_About this exercise_
Please reproduce all the data exactly as written and omit the pictures.

_Source data_
────

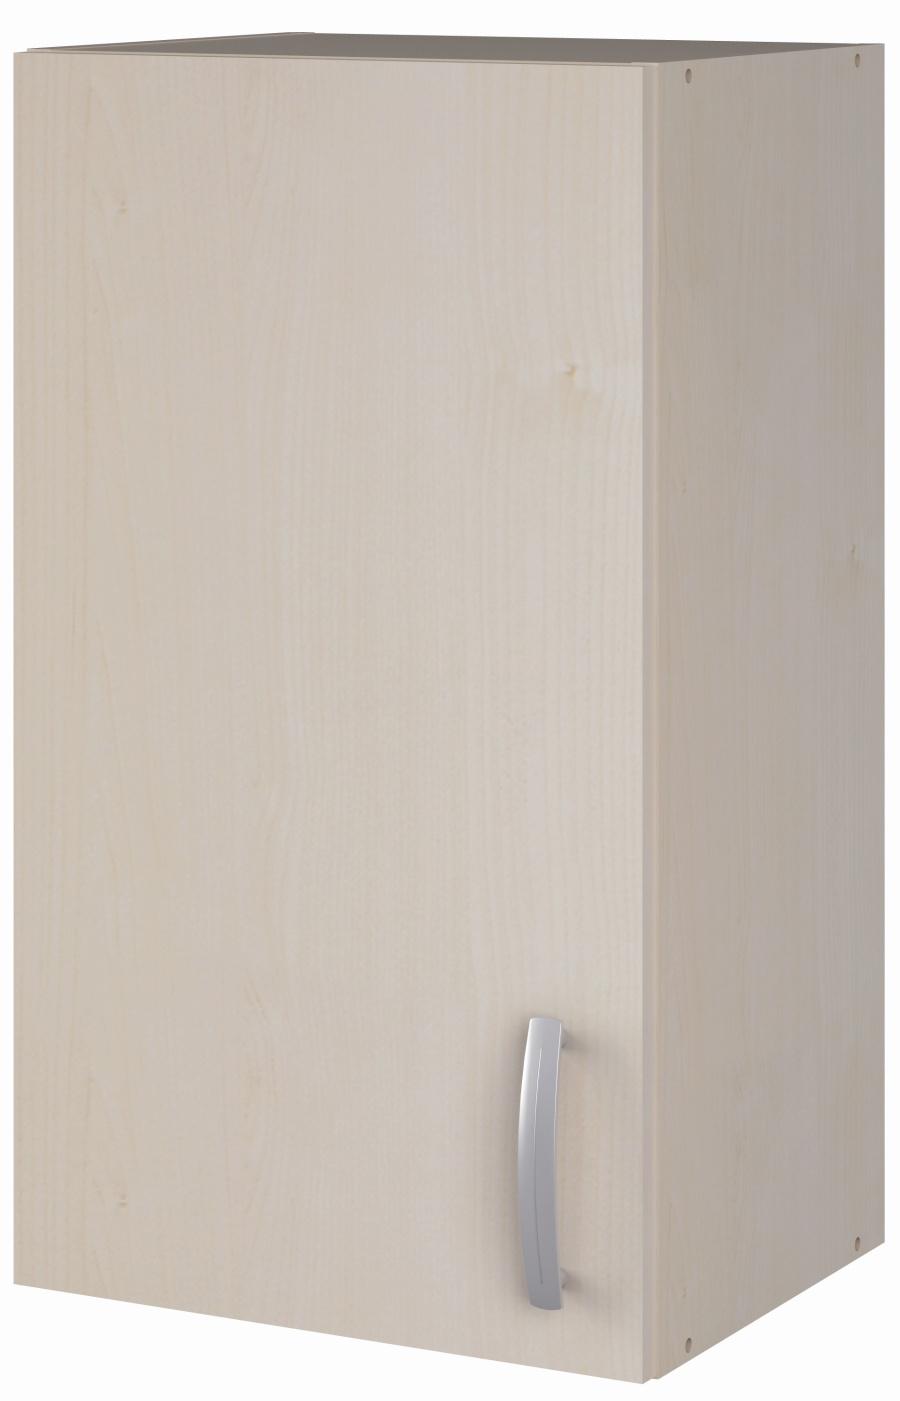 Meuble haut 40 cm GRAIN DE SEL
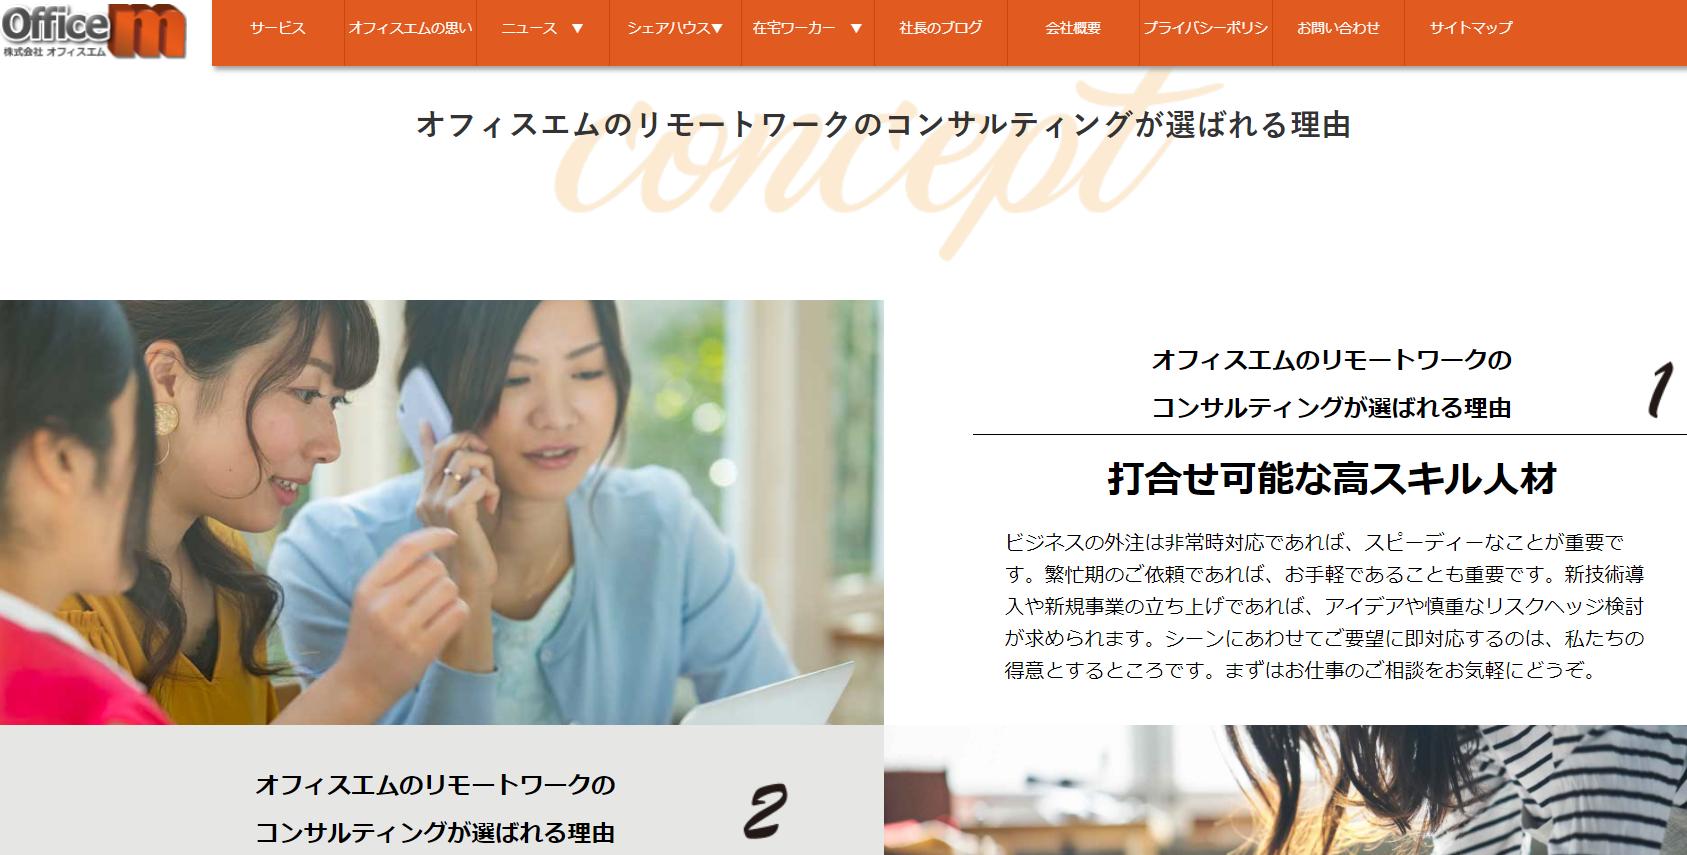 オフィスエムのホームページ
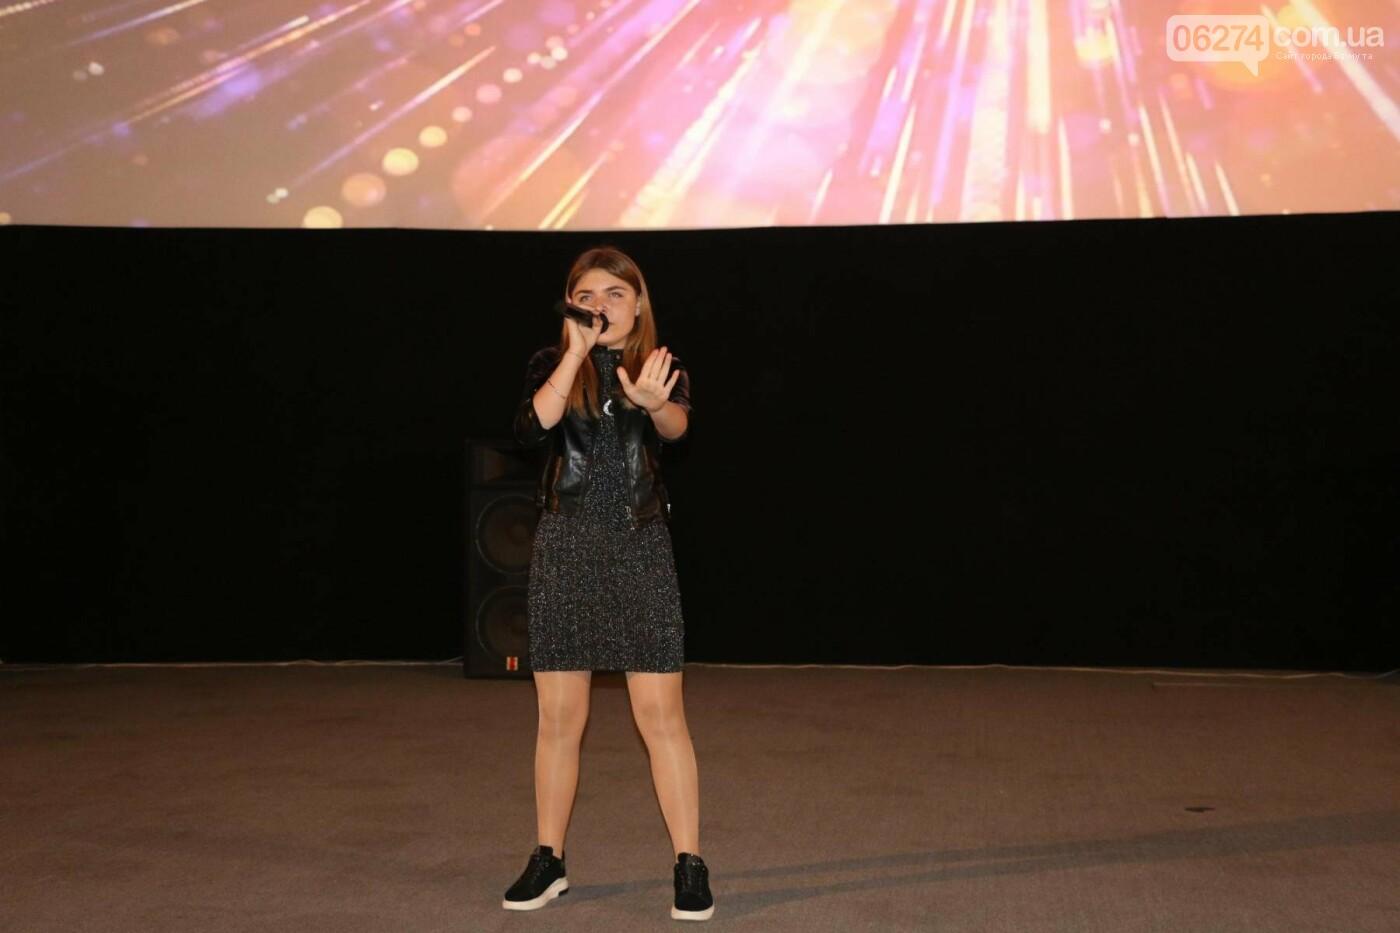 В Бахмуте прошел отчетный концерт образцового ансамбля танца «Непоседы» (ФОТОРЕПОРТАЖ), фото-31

────

_Task output_
 Meuble haut 40 cm GRAIN DE SEL
 オフィスエムのホームページ
 В Бахмуте прошел отчетный концерт образцового ансамбля танца «Непоседы» (ФОТОРЕПОРТАЖ), фото-31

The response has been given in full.